Do you know me? Everyone else does.
I see you looking at me. Let me answer your question before you ask it. No, you don't know me. We've never met. No, I am not your daughter's ballet teacher. I'm (probably) not your older brother's ex-girlfriend. I'm (most likely) not the girl who sat across from you in high school English. I'll tell you who I am: I'm a person many people recognize on first sight - although they've never seen me before. Sometimes I feel like Everywoman's doppelgänger.
When I was a teen, I hated the sudden recognition I'd see on people's faces. Here I was, searching frantically for my own identity - and everyone was claiming it.
One time, I was particularly miffed. "Well, I never!" I stalked into the house after school. "Some guy thought I used to go to school with him!"
"So?" Mom inquired gently.
"So - he was in his 50s, at least! I don't look that old!"
Mom looked at me, her gangly 15-year-old. She said, "He was dreaming. For a few minutes, he got to be 15 again. I hope he enjoyed it."
"Well, it was ridiculous!"
"Someday you'll understand."
Here's an everyday occurrence: A woman runs up to me in a parking lot and grabs my elbow. "Didn't you hear me calling you?
"Uh ... no," I say, trying to place her.
"I was shouting at the top of my lungs," the stranger says. "Rosa! Rosa! But you kept on walking."
I laugh. "My name's not Rosa. Sorry."
"But aren't you...?"
"No, I'm not."
Sometimes people politely refuse to take me at my word: "Sure you are! You dated Denny and then the two of you...."
"Really," I say. "I don't know any Dennys. Never have."
"But I'm sure you are!"
"I'm sorry to disappoint you, but I know I'm not." I've never had to actually show ID, but I've come close.
One day, a boy who was probably about 12 came to the door, collecting bottles for a drive. His jaw dropped when I opened the door. "I know you!"
"Really?" I said.
"Sure! You're that movie star - I can't think of your name!"
When I told my husband of my most flattering misidentification to date, he snorted. "Boy! What some kids will say to be the best in their bottle drive!"

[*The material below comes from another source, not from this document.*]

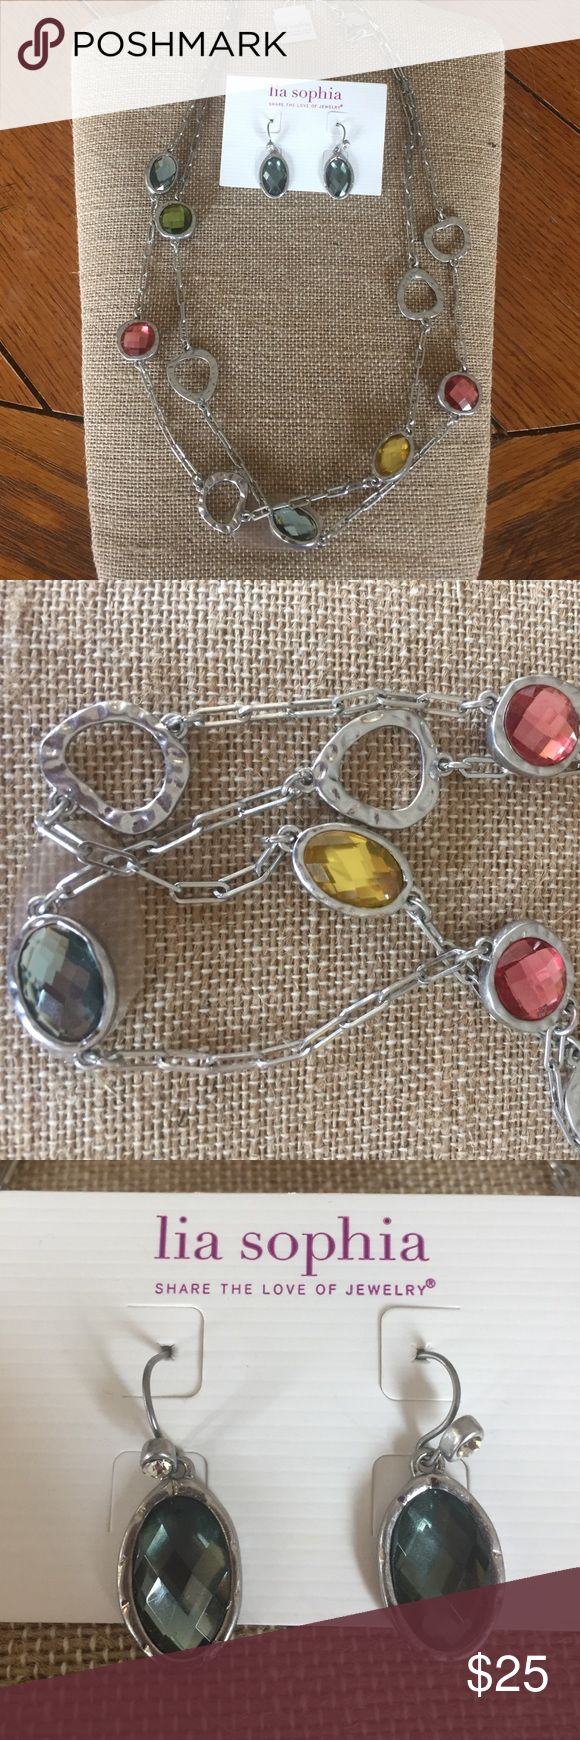 "NWT Lia Sophia necklace and earrings Beautiful NWT Lia Sophia necklace and earring set. Chain is 42"" long. Lia Sophia Jewelry"
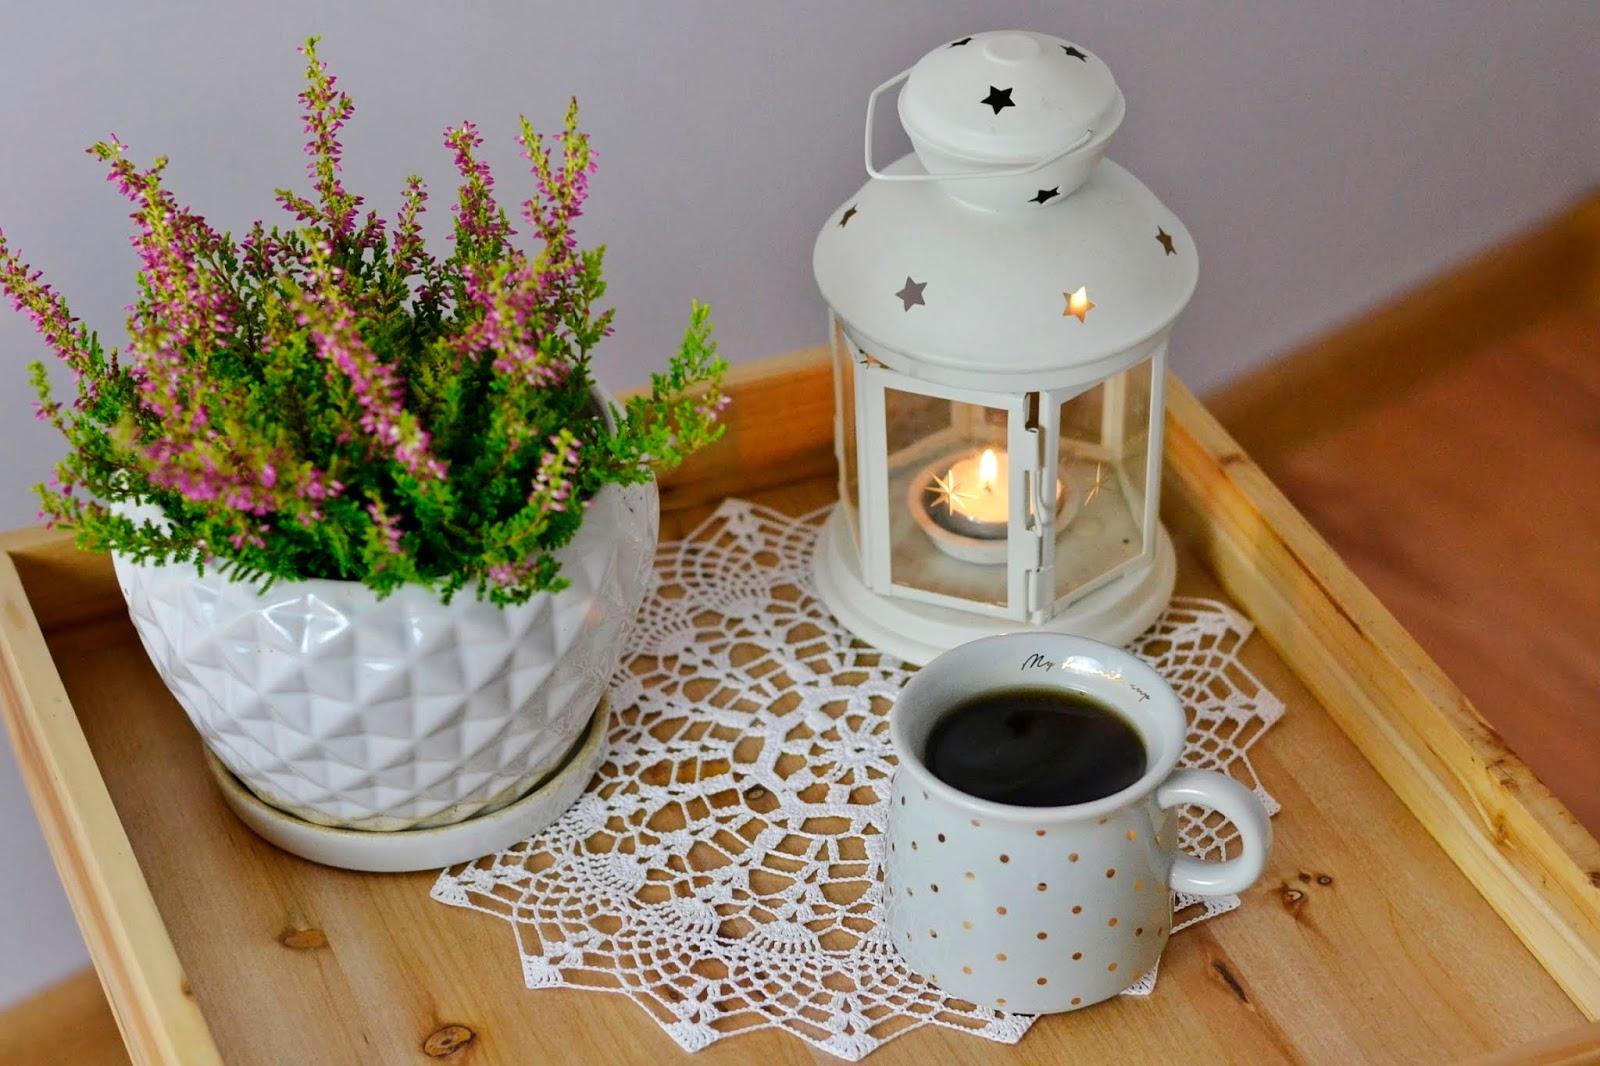 Polub jesień! Lista pomysłów na jesień do pobrania

"Hey, maybe I do look like a movie star," I mused. "One with dark hair - possibly a younger Liz Taylor or a more, uh, mature Winona Ryder."
"Or maybe Minnie Mouse," my husband suggested, happily bursting my bubble.
Craig was a little less amused the day we attended a class together. A woman I'd never seen before waved and smiled from the front row. My spouse waved back, whispering, "A customer," to me.
But she wasn't looking at Craig. She called, to me, "OK - I know I know you, but I can't think of who you are." After I was done with my usual song and dance, Craig muttered, "I can't believe it. I deliver packages to her nearly every day. She doesn't recognize me, but she knows you!"
"What can I say?" I whispered back. "My features are memorable, even if you've never seen them before!"
One time, I came face to face with one of the women I was commonly mistaken for. And the odd thing was, we both stopped dead in our tracks and looked each other over. It wasn't quite like peering into a mirror, yet it was eerily similar. And then we each smiled and nodded to the other - a silent acknowledgement of seeing something semiwondrous. I wish now I'd asked her how often someone calls her Terry.
After I'd been mistaken for one person or another four times in one day, I told the last inquiring stranger, "I must have the world's most common face. This happens to me constantly."
"Not at all," she assured me. "Your face is most distinctive - which is why I thought you were Ann. She's distinctive-looking, too."
Along with a million other Terry clones. What's the definition of "distinctive" again?
I'm so used to being mistaken for someone else that a few times I've automatically started in with, "No, I'm sorry. I'm not," when I actually was. One time, the woman shook her head and said, "Oh, I was so sure you were one of the Miller girls and that your Mom taught me Home Ec." Oops!
Time to explain that I am one of those Millers, and why I appeared to be denying it. These days I know to let people finish their description of who they think I am. Besides, I like to hear it. Although it ruffled my feathers to be constantly misidentified when I was younger, these days I rather enjoy it. For one thing, it's an instant conversation starter. For another, I love hearing about my twins.
I've been taken for the head of an art center, a flute player, a biologist, and uncounted friends, friends of friends, girlfriends, ex-wives, mothers, and cousins. People thought I was the woman who biked across the country or landscaped their grandmother's garden or bought a goat from them.
My imagination takes off, dreaming of my alternate lives. It adds a touch of va-voom to a pretty content life behind my much-recognized face.
So, if you think you know who I am, please tell me about it. I can't wait to hear.